DATASET SECTION:
--- START ---
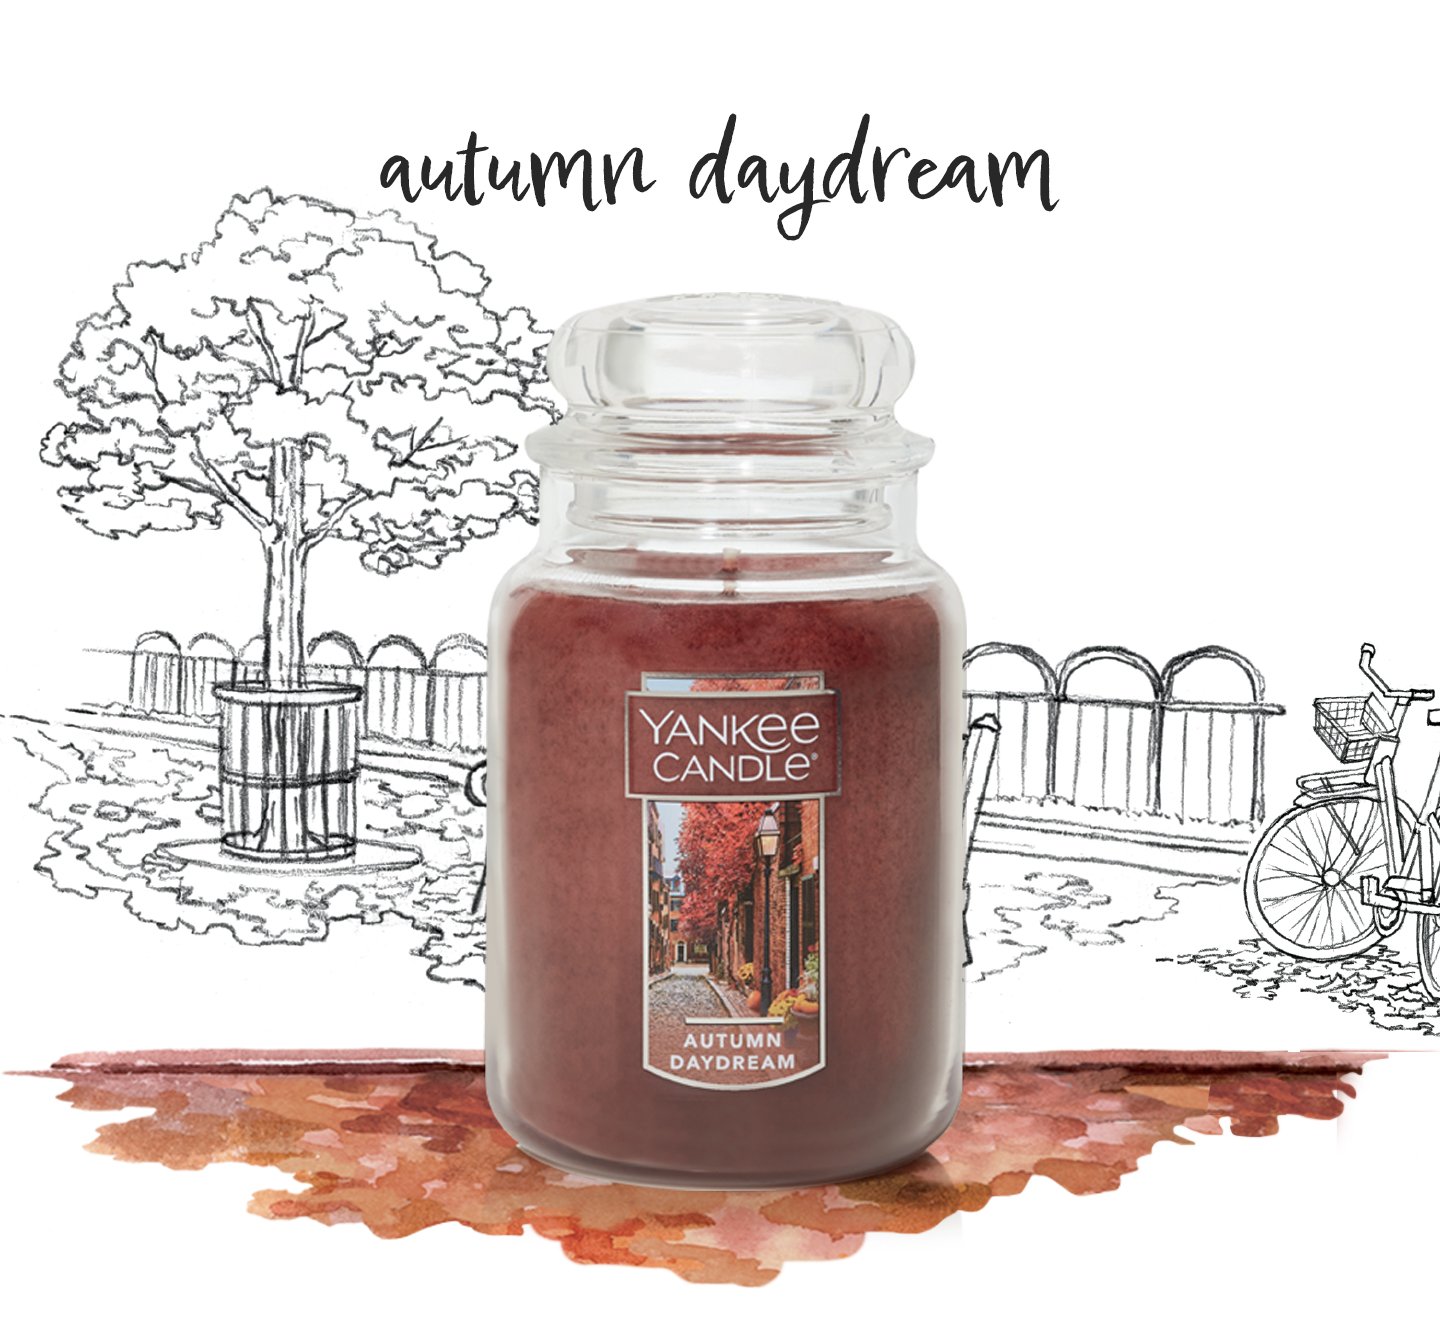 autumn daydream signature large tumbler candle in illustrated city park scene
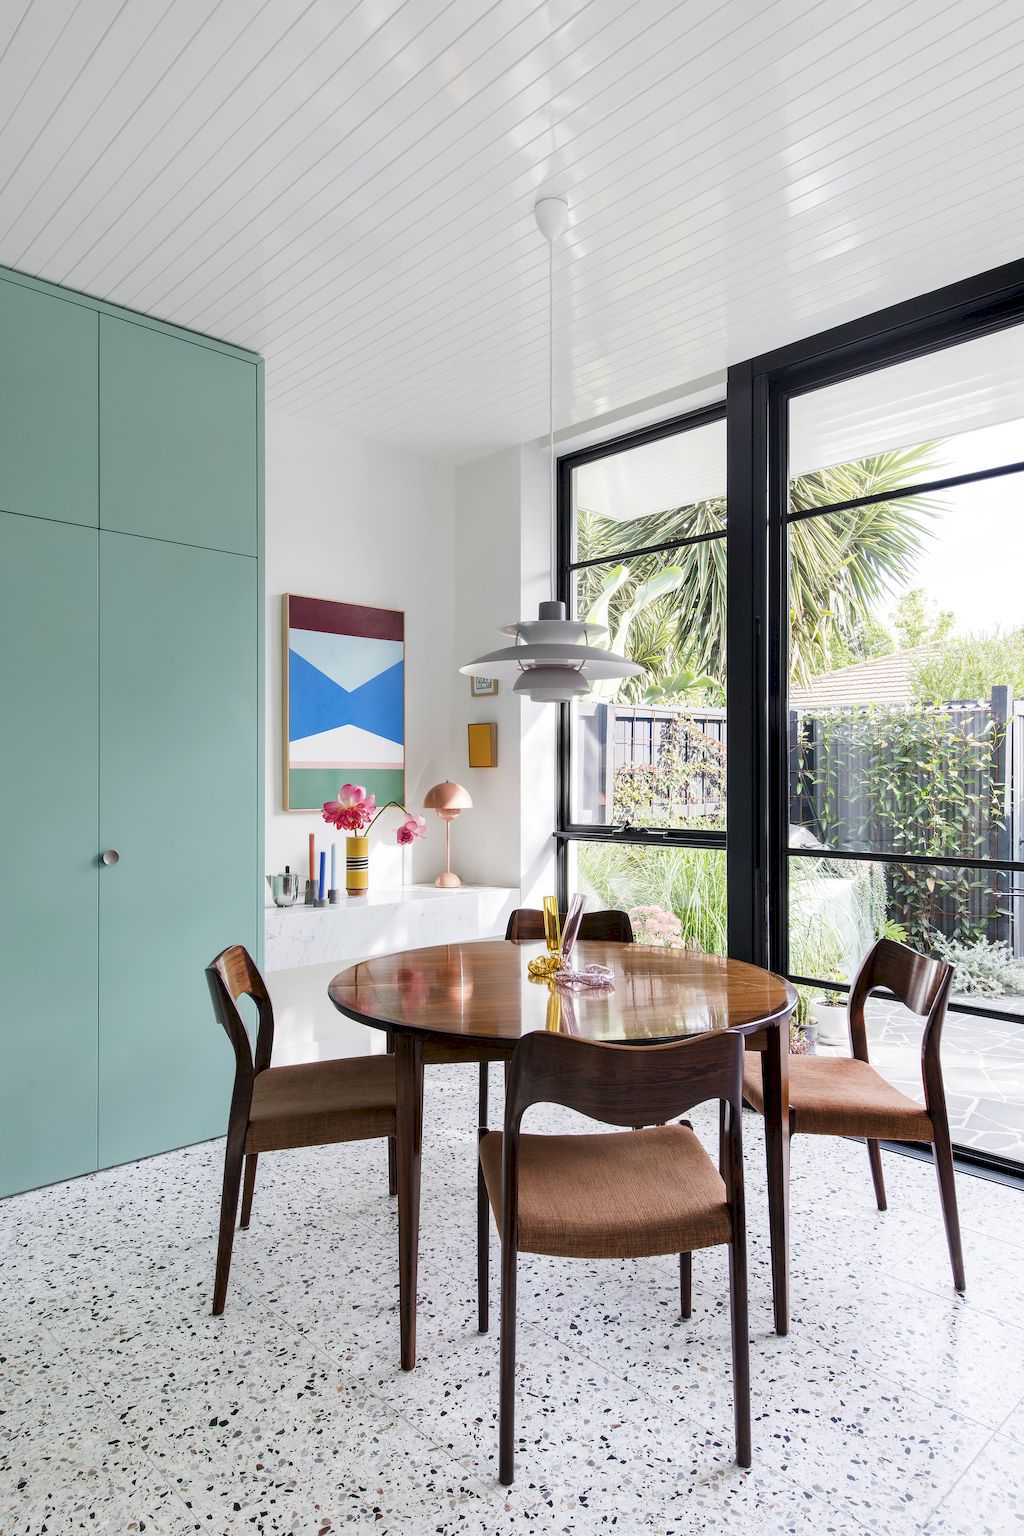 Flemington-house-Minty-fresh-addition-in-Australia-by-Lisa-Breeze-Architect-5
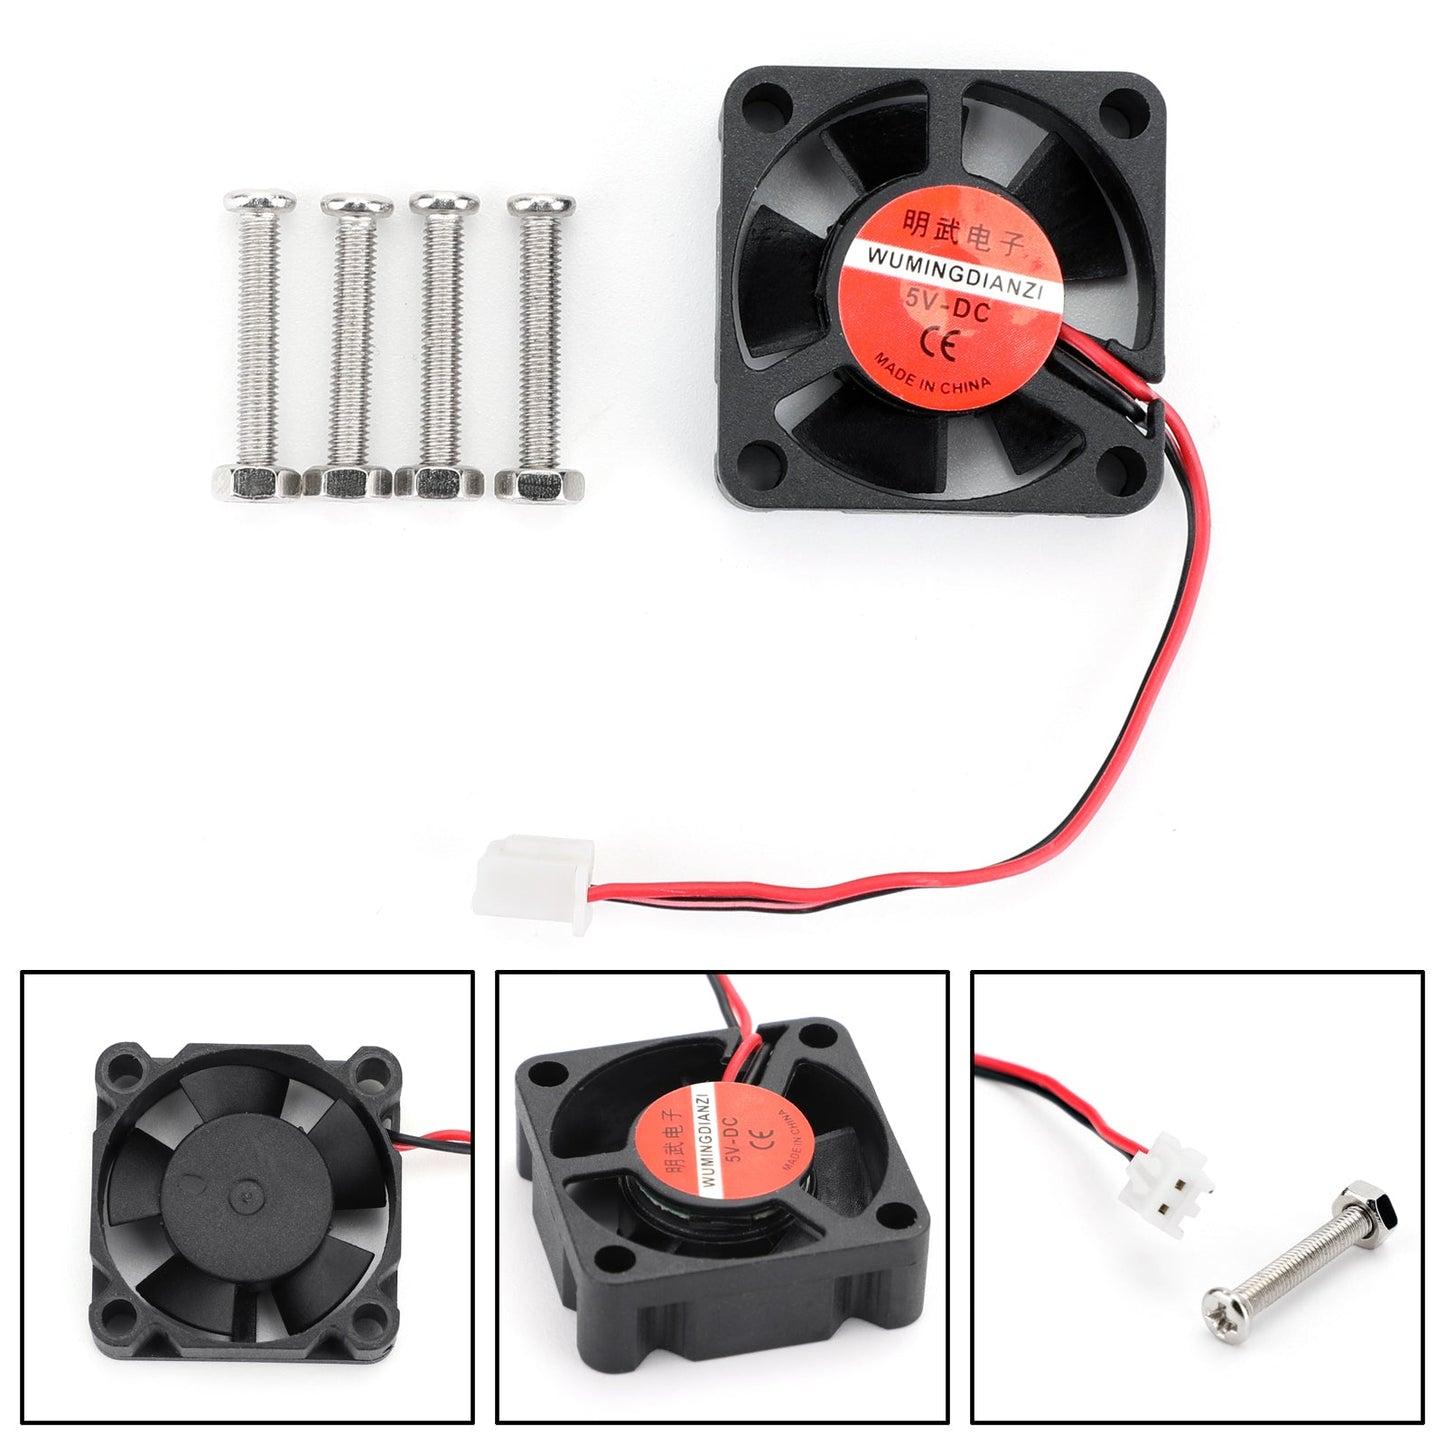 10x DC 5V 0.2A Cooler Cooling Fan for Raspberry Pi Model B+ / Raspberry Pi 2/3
--- END ---
WHAT YOU ARE ASKED TO DO: A faithful copy is needed: reproduce all of the data above, leaving the pictures out.

YOUR SOLUTION:
 autumn daydream signature large tumbler candle in illustrated city park scene
 Flemington-house-Minty-fresh-addition-in-Australia-by-Lisa-Breeze-Architect-5
 10x DC 5V 0.2A Cooler Cooling Fan for Raspberry Pi Model B+ / Raspberry Pi 2/3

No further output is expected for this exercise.